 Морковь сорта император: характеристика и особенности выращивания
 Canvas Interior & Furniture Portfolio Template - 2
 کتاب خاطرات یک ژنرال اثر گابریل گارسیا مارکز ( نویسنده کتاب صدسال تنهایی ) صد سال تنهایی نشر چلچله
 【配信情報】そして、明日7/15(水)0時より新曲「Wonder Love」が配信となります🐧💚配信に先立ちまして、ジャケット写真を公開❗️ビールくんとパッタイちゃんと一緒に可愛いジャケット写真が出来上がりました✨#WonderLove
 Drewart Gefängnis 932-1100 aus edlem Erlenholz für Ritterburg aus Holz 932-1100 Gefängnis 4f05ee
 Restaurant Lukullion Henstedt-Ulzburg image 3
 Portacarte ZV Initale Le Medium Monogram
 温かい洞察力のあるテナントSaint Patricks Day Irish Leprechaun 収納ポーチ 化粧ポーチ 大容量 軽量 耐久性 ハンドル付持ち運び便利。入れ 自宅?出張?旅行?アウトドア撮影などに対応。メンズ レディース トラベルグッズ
§
▶ [What is needed]
The response must contain exactly the lines from the one with "Canvas Interior &" to the end of the entries above, both included, and nothing more.

▶ [Your response]
 Canvas Interior & Furniture Portfolio Template - 2
 کتاب خاطرات یک ژنرال اثر گابریل گارسیا مارکز ( نویسنده کتاب صدسال تنهایی ) صد سال تنهایی نشر چلچله
 【配信情報】そして、明日7/15(水)0時より新曲「Wonder Love」が配信となります🐧💚配信に先立ちまして、ジャケット写真を公開❗️ビールくんとパッタイちゃんと一緒に可愛いジャケット写真が出来上がりました✨#WonderLove
 Drewart Gefängnis 932-1100 aus edlem Erlenholz für Ritterburg aus Holz 932-1100 Gefängnis 4f05ee
 Restaurant Lukullion Henstedt-Ulzburg image 3
 Portacarte ZV Initale Le Medium Monogram
 温かい洞察力のあるテナントSaint Patricks Day Irish Leprechaun 収納ポーチ 化粧ポーチ 大容量 軽量 耐久性 ハンドル付持ち運び便利。入れ 自宅?出張?旅行?アウトドア撮影などに対応。メンズ レディース トラベルグッズ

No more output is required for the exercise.